Figure 16 shows the daily electricity price, PV generation, PEV charging load and total load of the OAKA microgrid when the PEV number is 500 and for different PV generation and charging strategies. The number of PEVs that is selected to be demonstrated in
Figure 16 is 500 because their charging load is the highest and it can be observed better the influence of the PEV charging load on the microgrid total load curve. It can be observed that when the uncoordinated charging strategy is applied, the electricity price and the PV generation do not affect the total load of the microgrid as the PEV charges after they plug-in without taking into consideration any other factors (
Figure 16a,b). On the other hand, when s1 is applied, the PEV charging load influences the total demand of the microgrid significantly, as is shown in
Figure 16c,e. The peak demand of the microgrid is shifted during the time slots where the electricity price is low and new peak demand is created during the time slots where the electricity price is high. In addition, when the PV generation is introduced, s2, to the proposed charging strategy (
Figure 16d,f), a part of the charging load is shifted to the time slot where the PV generation is high, and the electricity price is low.
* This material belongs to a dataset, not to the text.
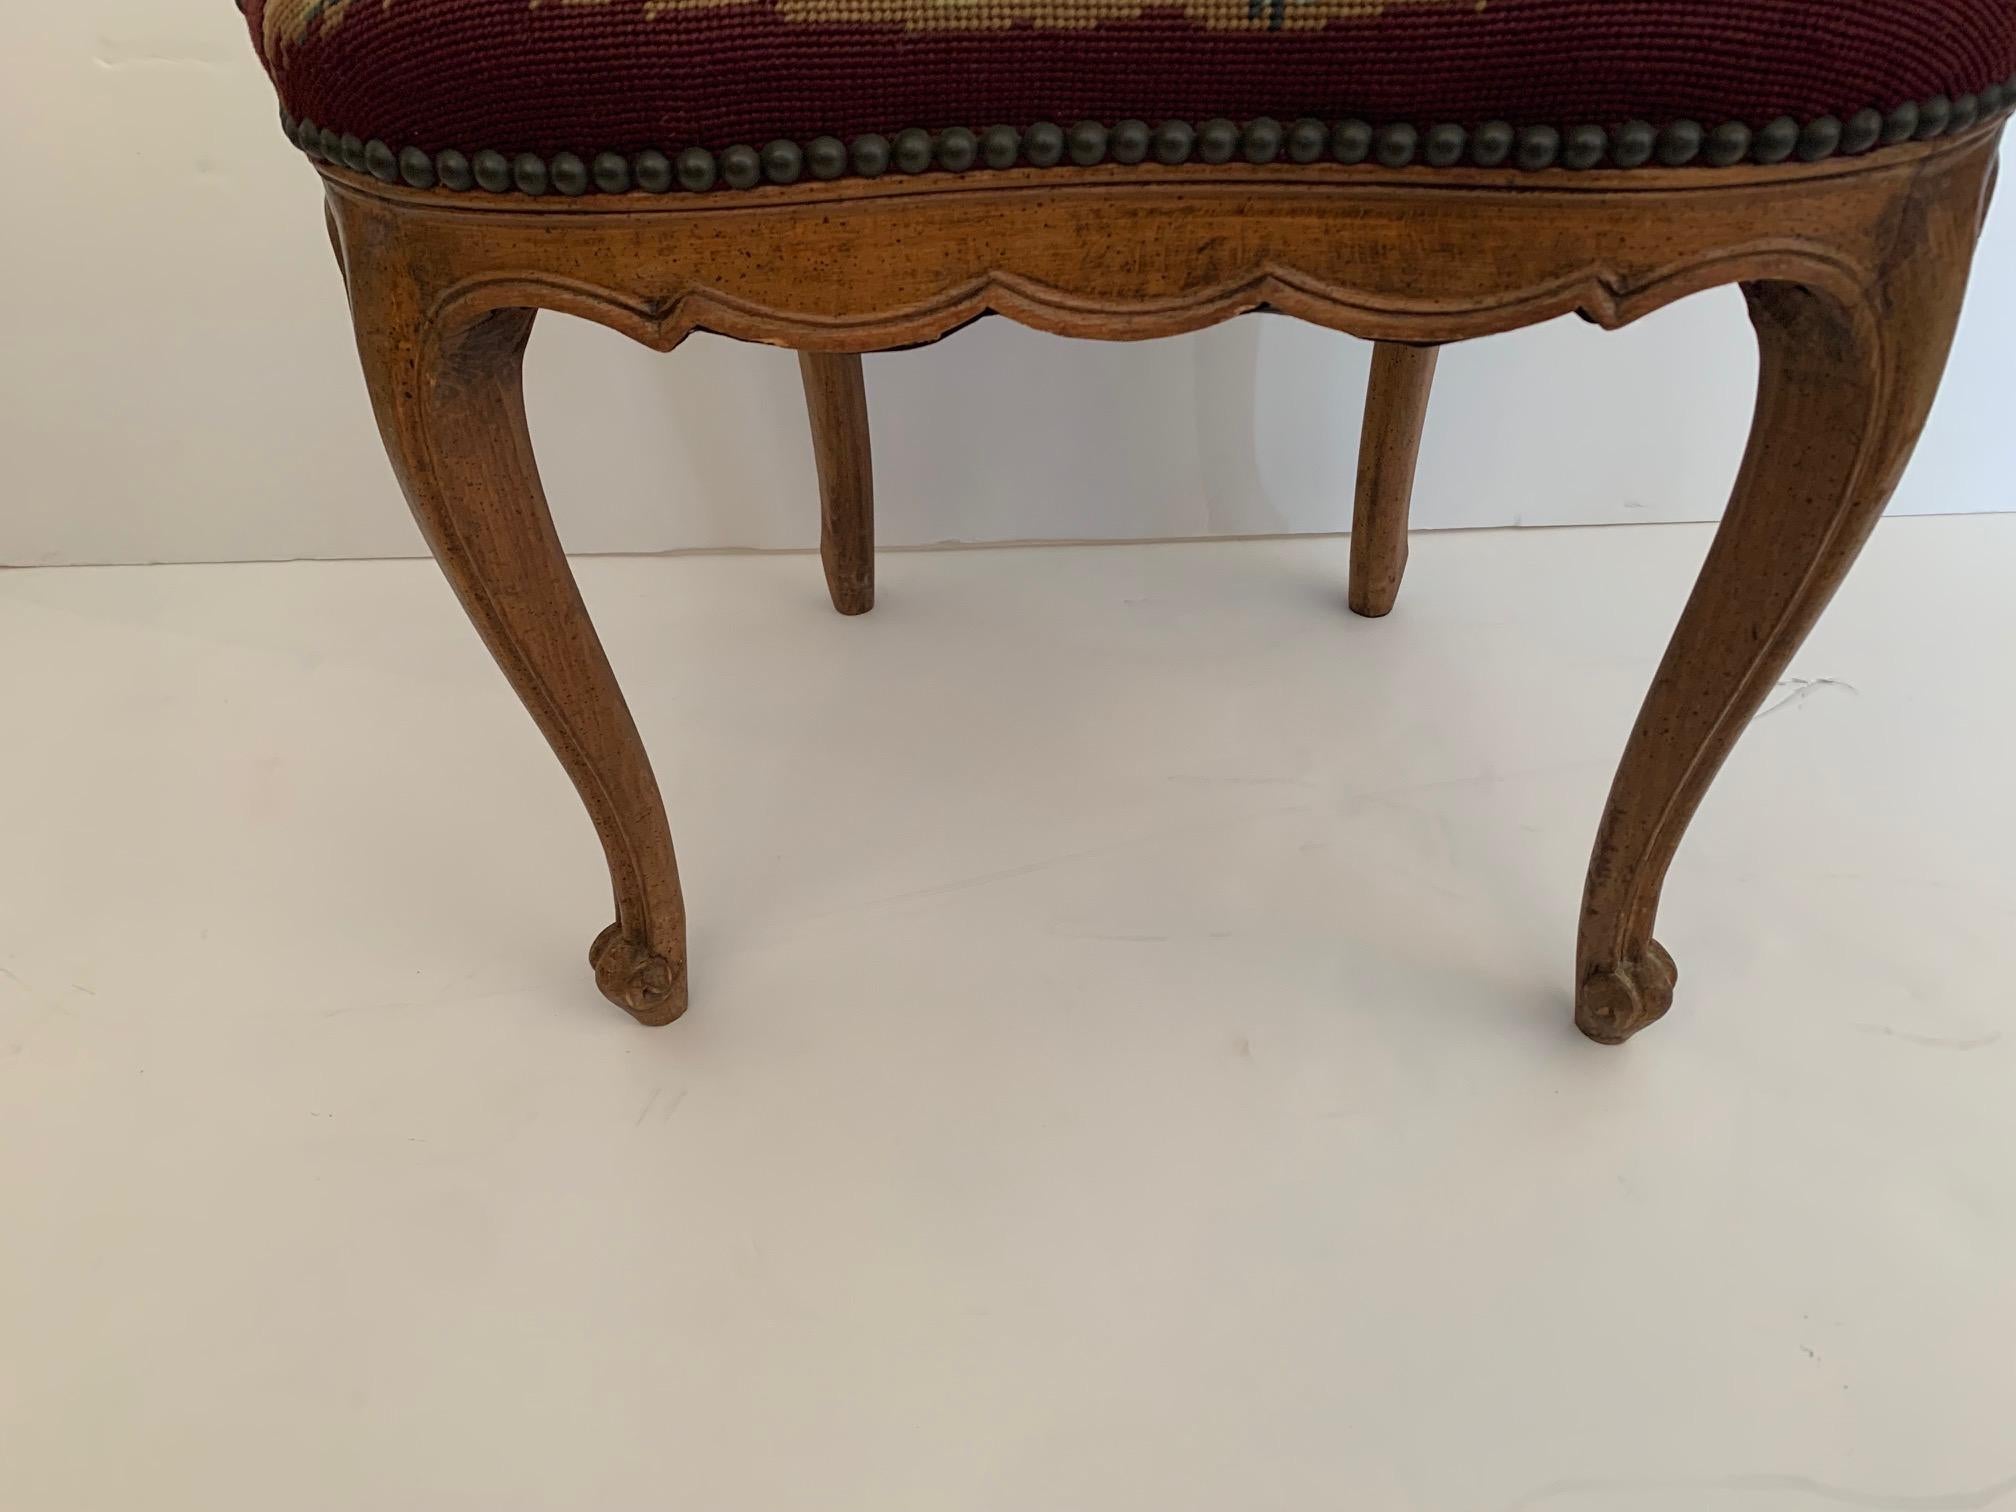 Curved Antique French Walnut Salon Chair with Lovely Needlepoint Seat For Sale 1

The assessment of the profitability of the PV investment in a microgrid equipped with PEV charger was examined in this study. The key finding from the results is that the application of a smart charging strategy and V2G can increase the NPV of the PV investment in a microgrid. In addition, the proposed charging algorithm can change the load curve when the PEV charging load is substantial, by scheduling the charging of the PEVs when the electricity price is low and the discharging when the electricity price is high, as shown in
Figure 16. Some limitations of the approach of this study are that the charging policies, the electricity price, the microgrid load, and the solar irradiation prediction remain constant during the investment lifetime.
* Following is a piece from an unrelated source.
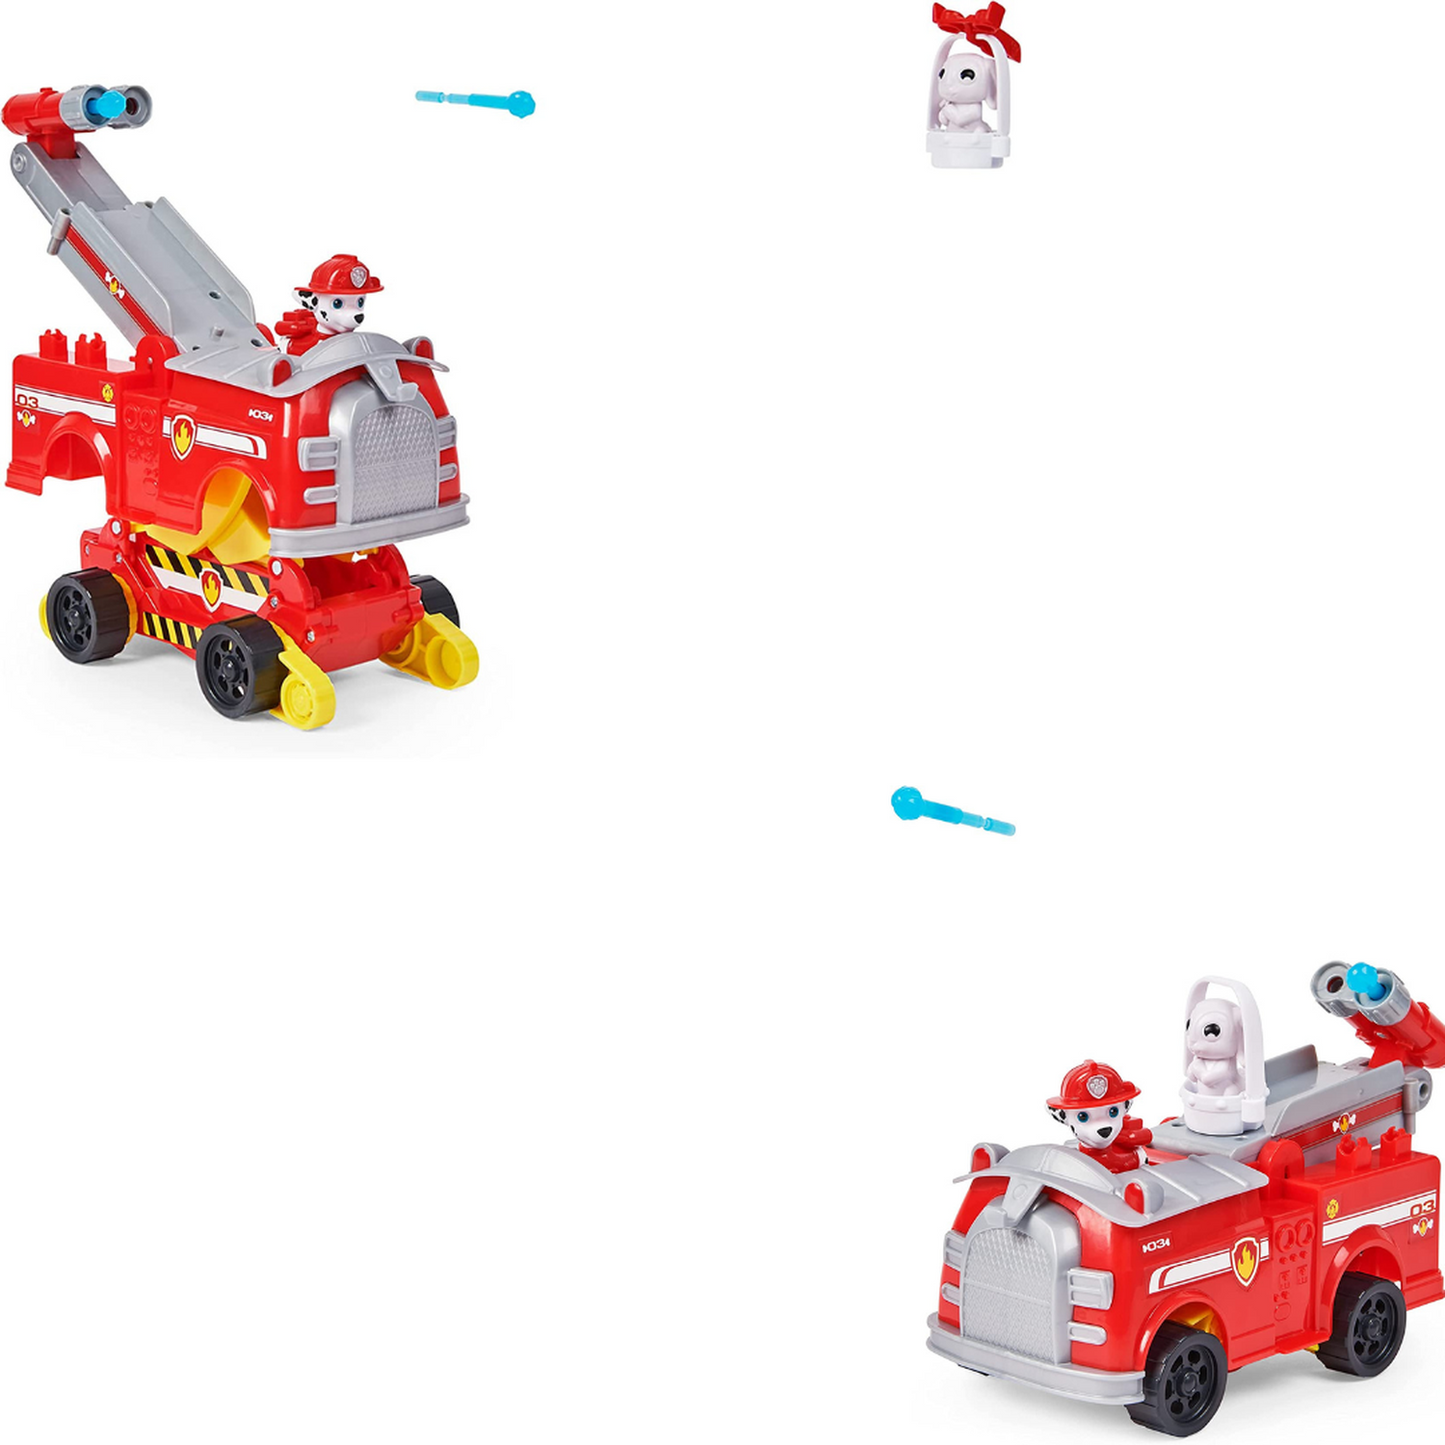 PAW Patrol: Rise and Rescue Transforming Car with Marshall

Moreover, the charging policies play a significant role in the profits of the microgrid. In this study it is assumed that the profits of V2G will be collected from the microgrid. However, part of the profits could go to the PEV drivers. In addition, charging policies should take into consideration the cost of battery degradation caused by the participation of PEVs in V2G. Furthermore, not all drivers would accept to participate in V2G. Hence, the profit of the microgrid would be reduced. While the model considers the uncertainties of the electricity price, the microgrid load and the solar irradiation, no specific prediction model for the drivers’ incentives was used. These factors can potentially change the anticipated results. Finally, the arriving and departure of PEVs is assumed to be similar to the first year. The PEV consumption profile has a major effect on the optimization problem. The accuracy of this profile is able to render the study reliable enough. However, the stochastic behavior of PEV drivers cannot guarantee a perfectly accurate profile.